> Work request
A full, word-for-word copy of the listing below is needed; leave the images out of it.

> Data block
== Segment start ==

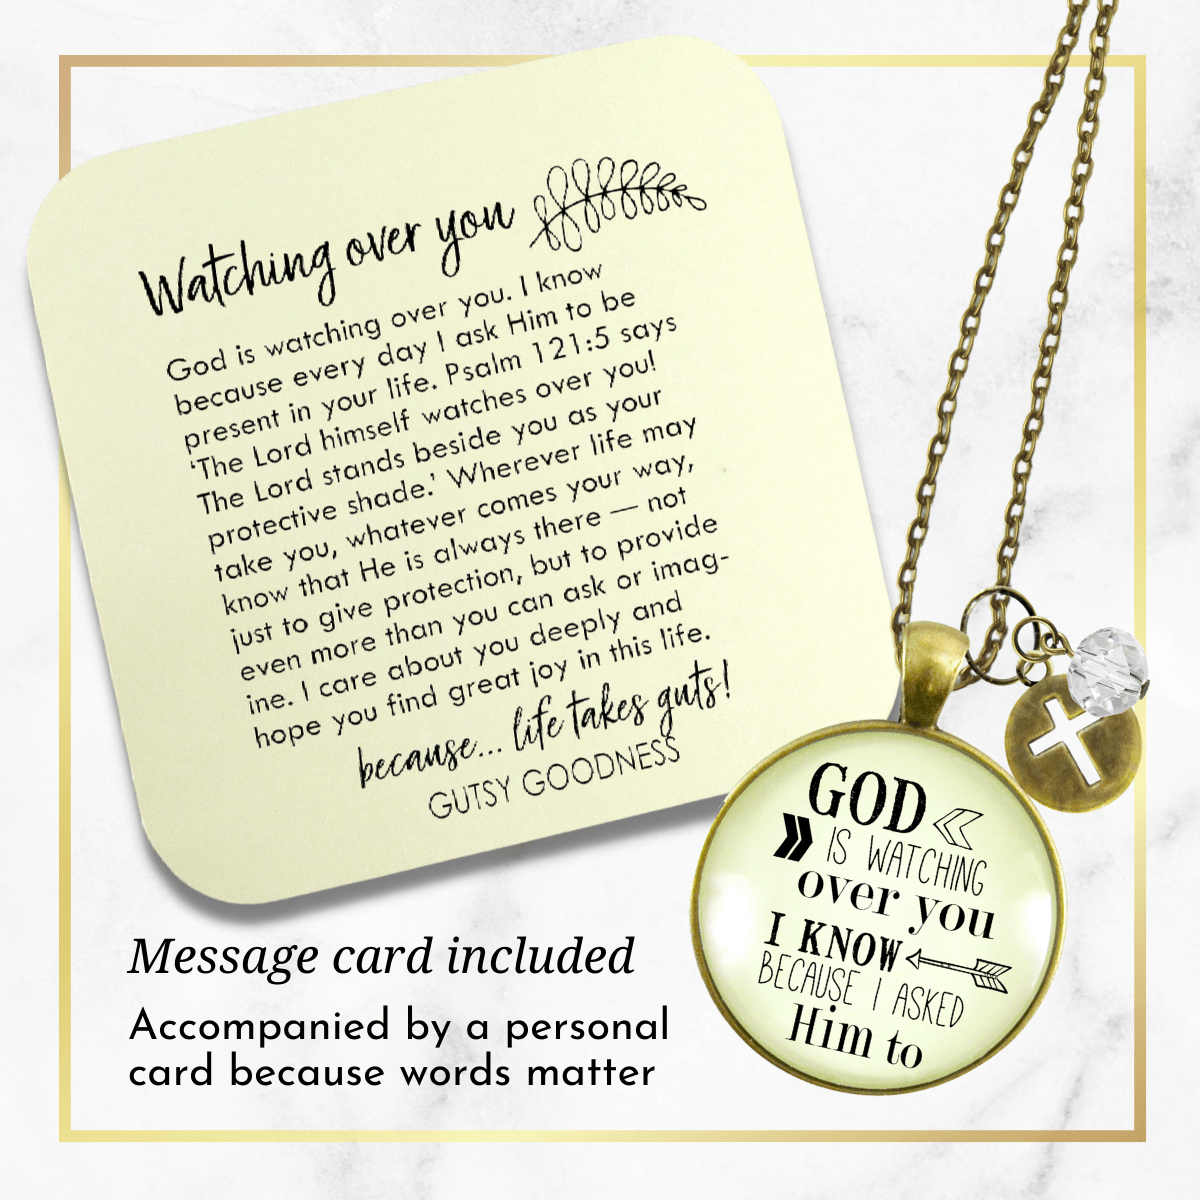 Gutsy Goodness Faith Necklace He is Watching Over You Vintage Charm Jewelry - Gutsy Goodness;Faith Necklace He Is Watching Over You Vintage Charm Jewelry - Gutsy Goodness Handmade Jewelry Gifts
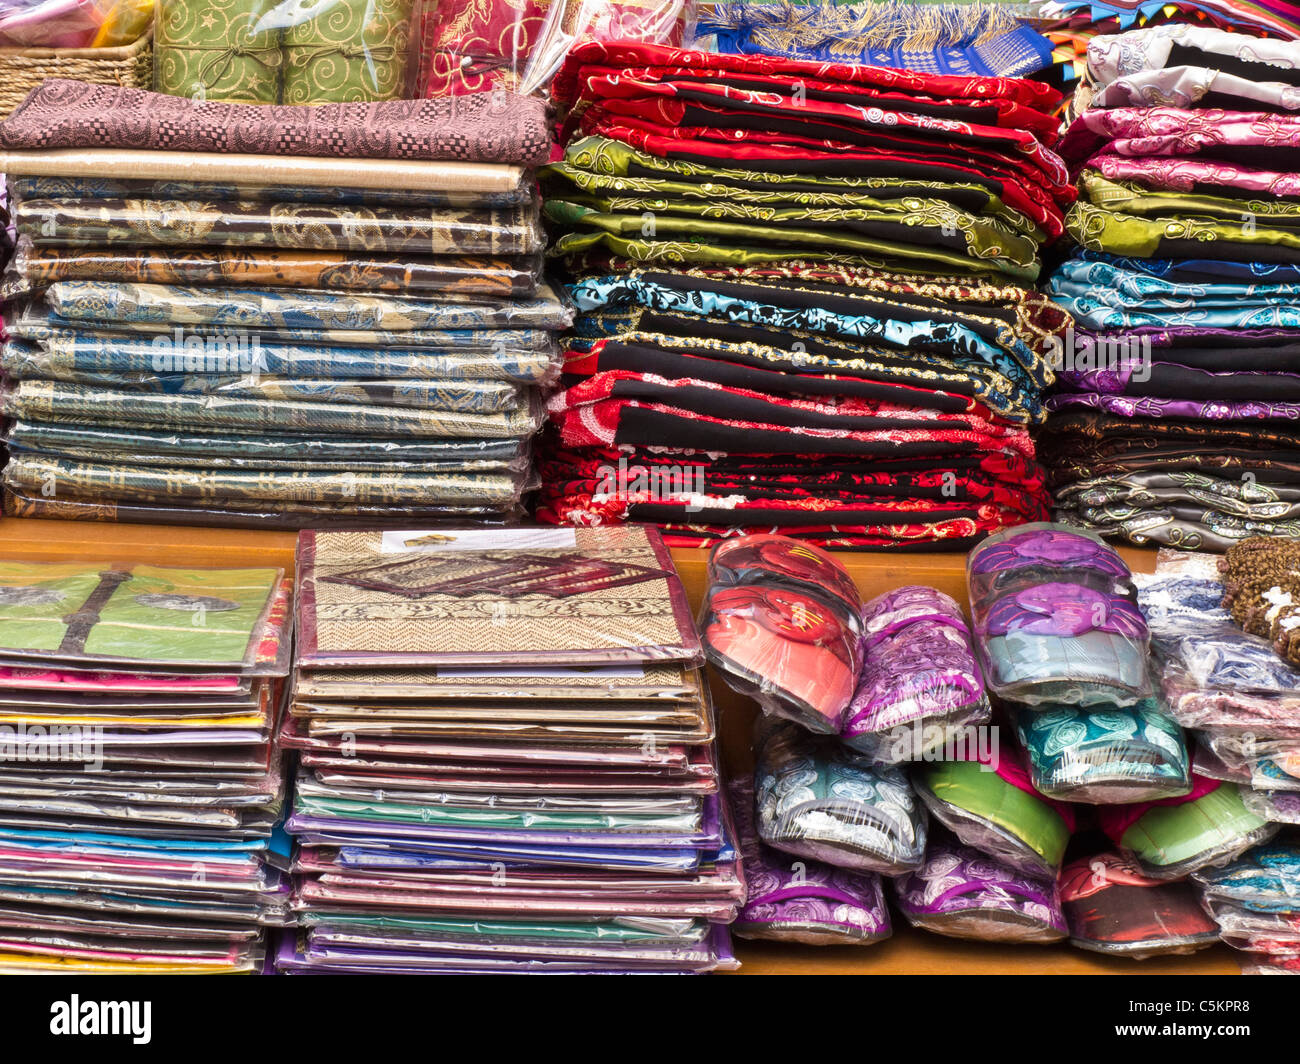 Silk cloth and slippers for sale in market stall Stock Photo
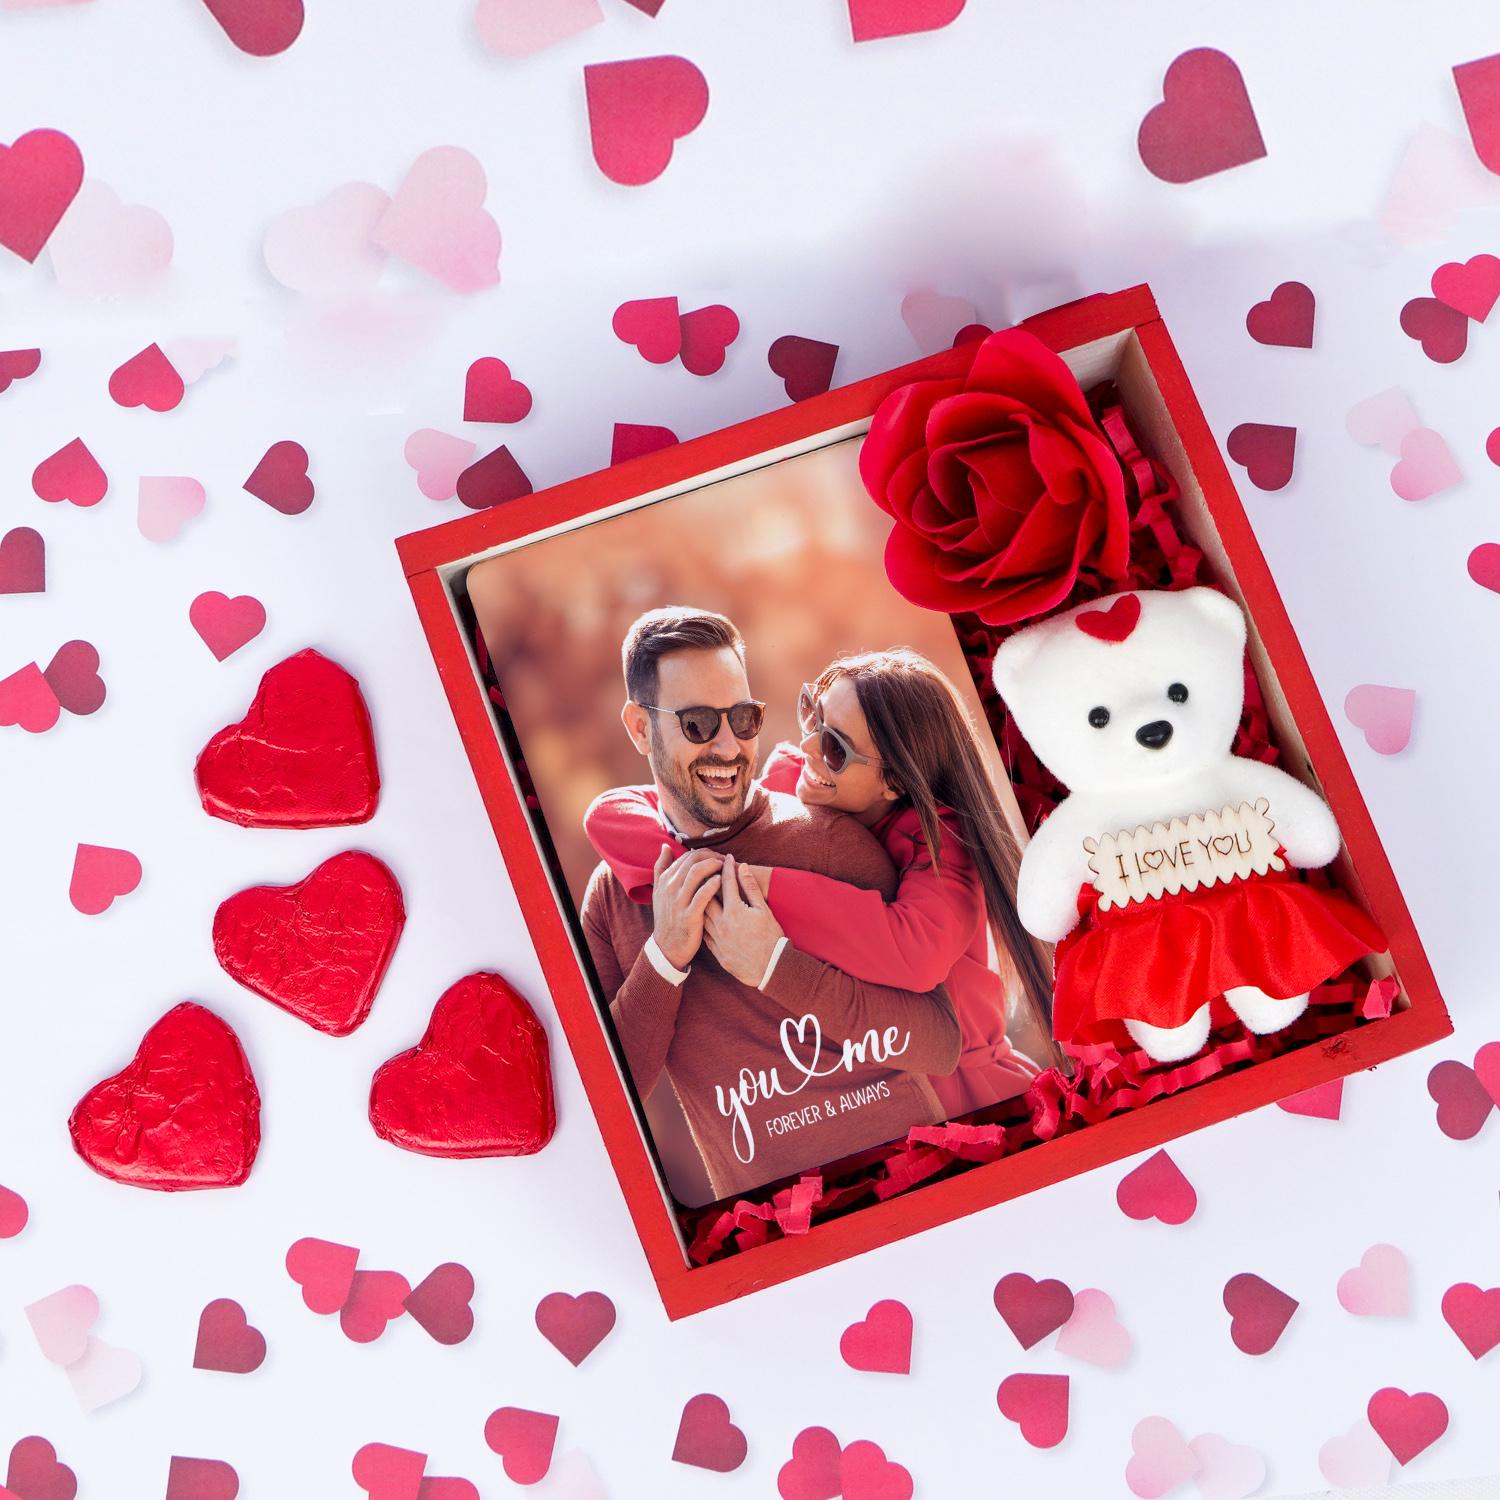 Choose The Most Innovative Valentine Gift for Boyfriend and Make Him Feel  Special - Presto Gifts Blog

== Segment end ==

> Answer section
 Gutsy Goodness Faith Necklace He is Watching Over You Vintage Charm Jewelry - Gutsy Goodness;Faith Necklace He Is Watching Over You Vintage Charm Jewelry - Gutsy Goodness Handmade Jewelry Gifts
 Silk cloth and slippers for sale in market stall Stock Photo
 Choose The Most Innovative Valentine Gift for Boyfriend and Make Him Feel  Special - Presto Gifts Blog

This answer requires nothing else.